The trading post was closed in 1925. The Innu of the Basse-Côte-Nord (Lower North Shore) were one of the last nomadic indigenous groups in North America, and were known for their birch bark canoes and traditional travel by canoe or snowshoe. But contact with white settlers and the market economy led to the permanent settlement of the Innu.

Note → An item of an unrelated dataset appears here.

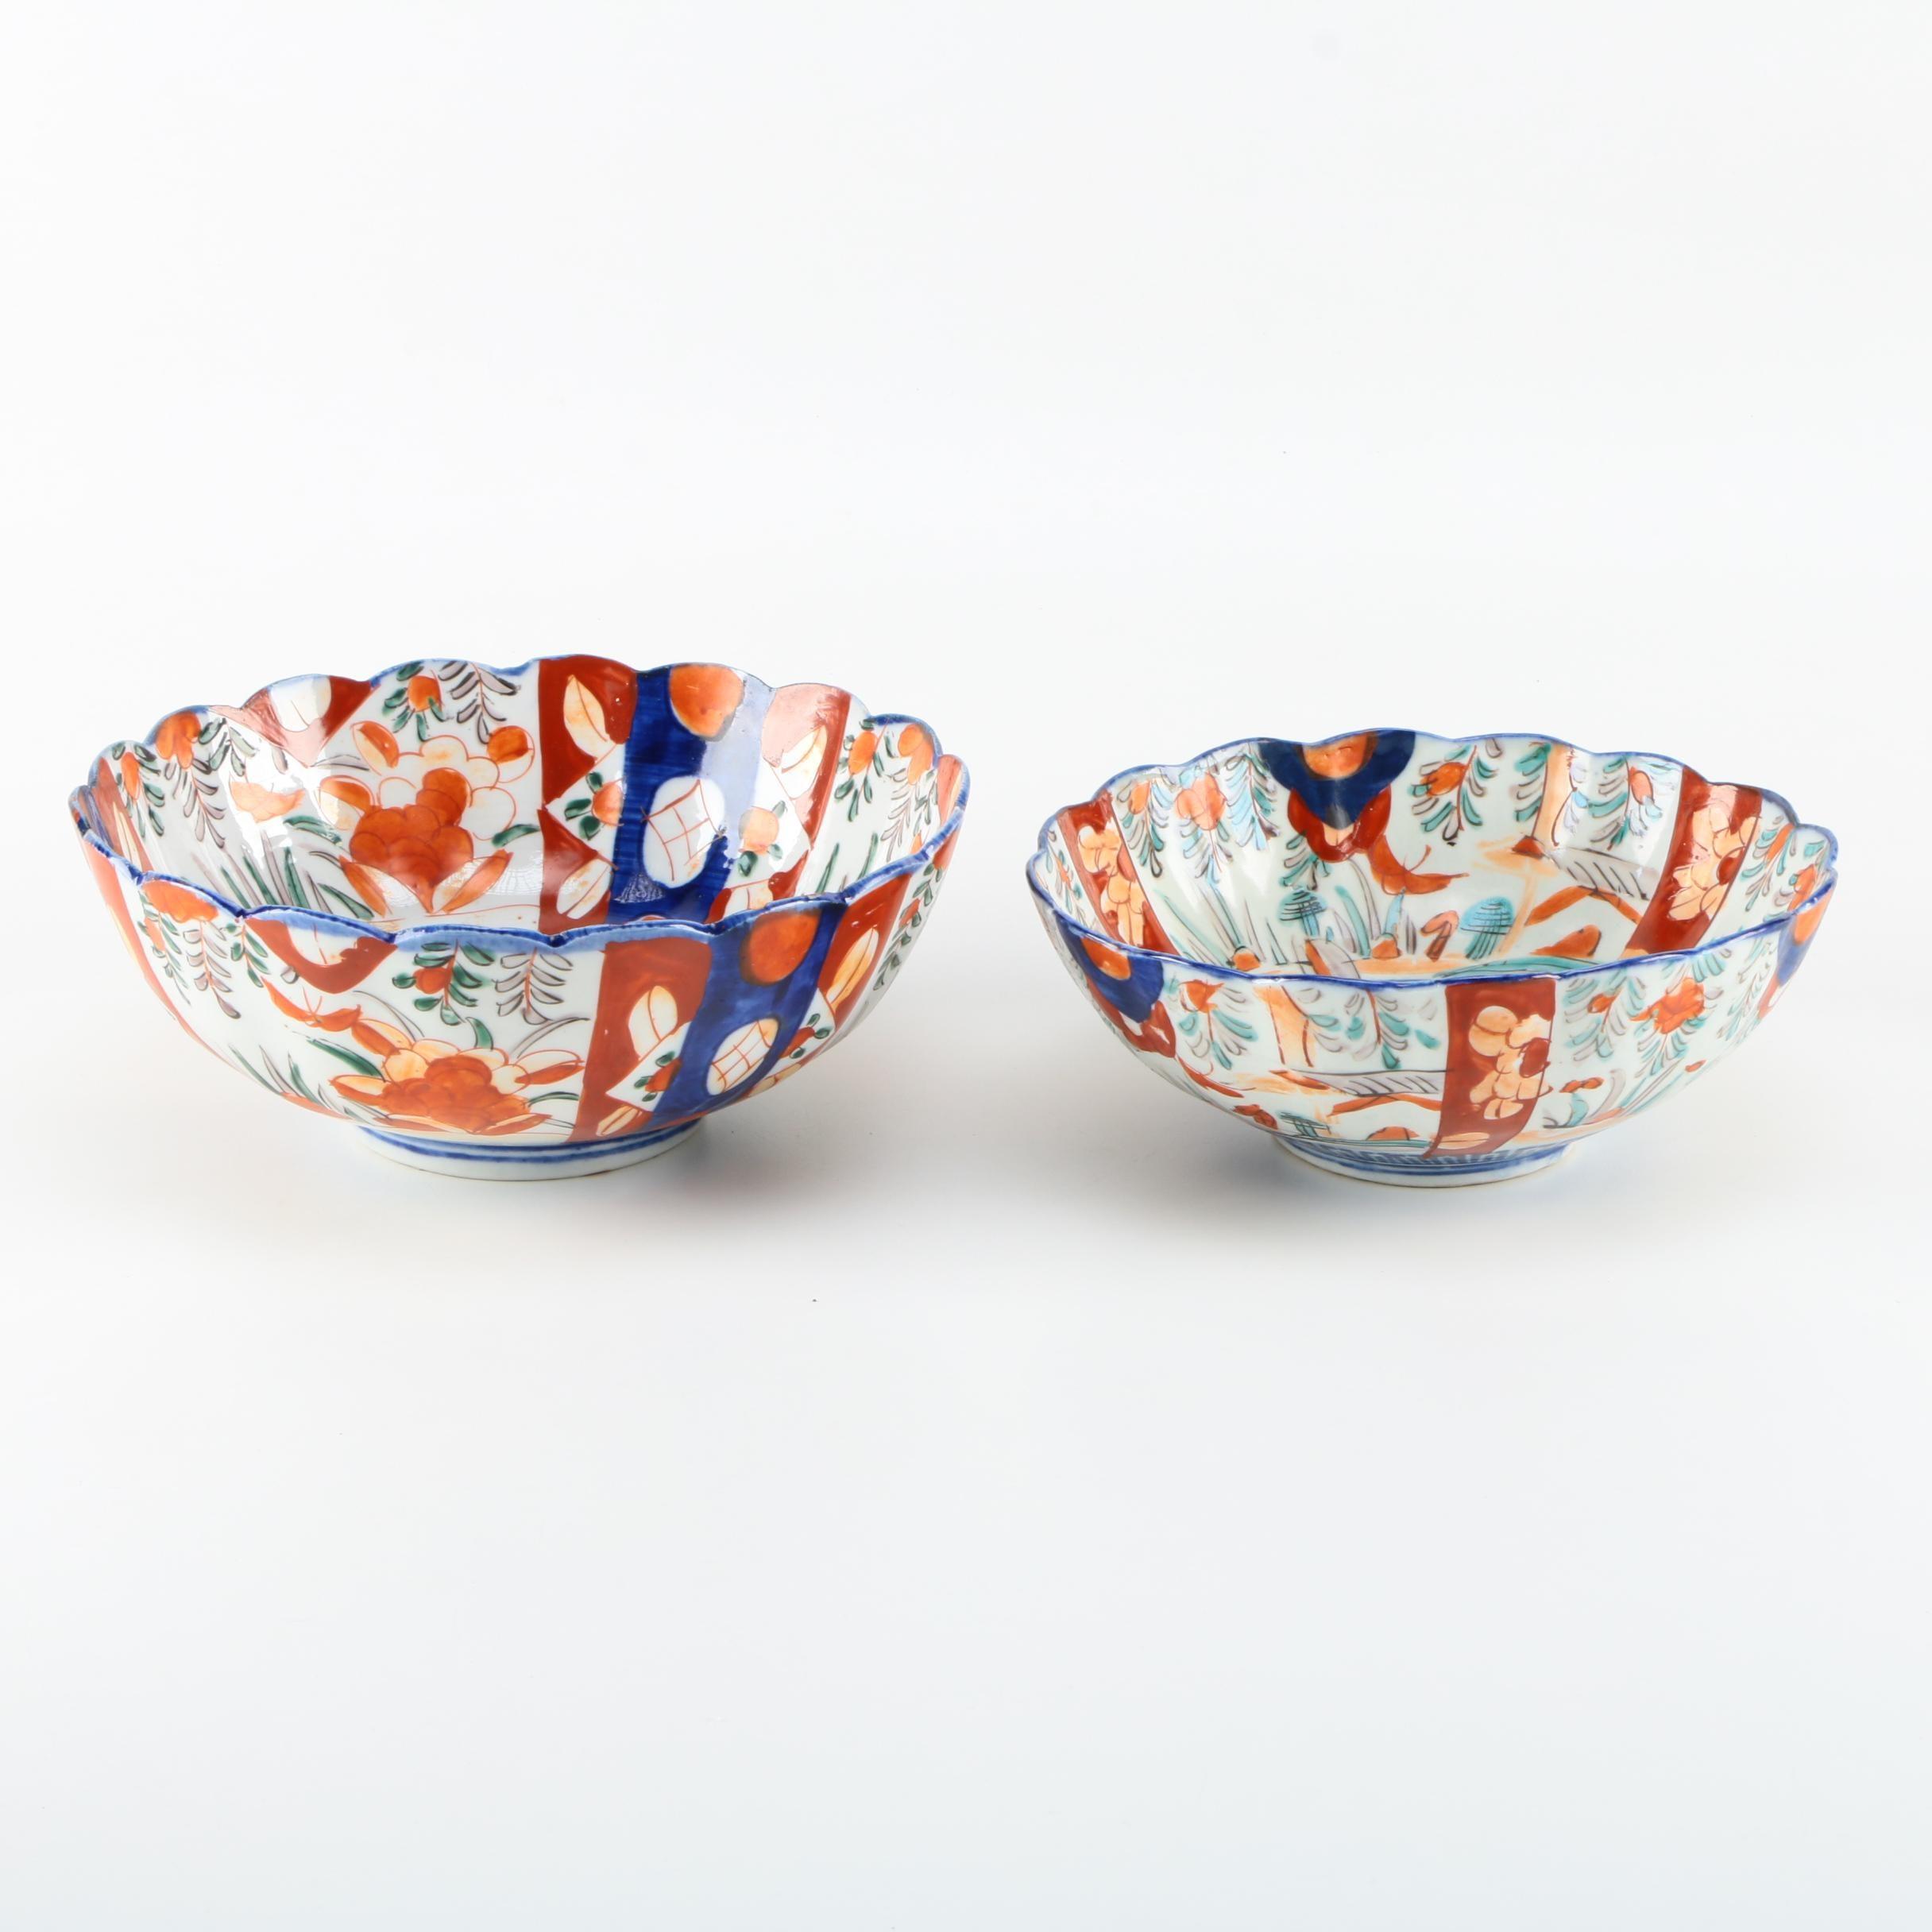 Pair of Imari Scallop Edge Bowls

On March 11, 1955, the Government of Quebec sold 100 acre of land to the federal government and on May 31, 1956, the Romaine reserve was established. It was expanded in 2001 with lands bought in 1993.

==Demographics==
===Population===

As of May 2022, the band counted 1,243 members, of whom 1,165 persons are living in the community. In the 2016 census, the number of private dwellings occupied by usual residents are 264 out of a total of 296. Mother tongues of the residents on the reserve are:
- English as first language: 0%
- French as first language: 2.0%
- English and French as first language: 0%
- Other (Montagnais (Innu)) as first language: 97.4%

==Economy==
The local economy is based mostly on arts and handicrafts, trapping, outfitters and tourism. Other businesses on the reserve are primarily community businesses such as arts and handicrafts, and a convenience store.

==Education==
There is only one school on the reserve, École Olamen, that provides pre-Kindergarten to Secondary grade 5, and had an enrolment of 292 students in 2008-2009.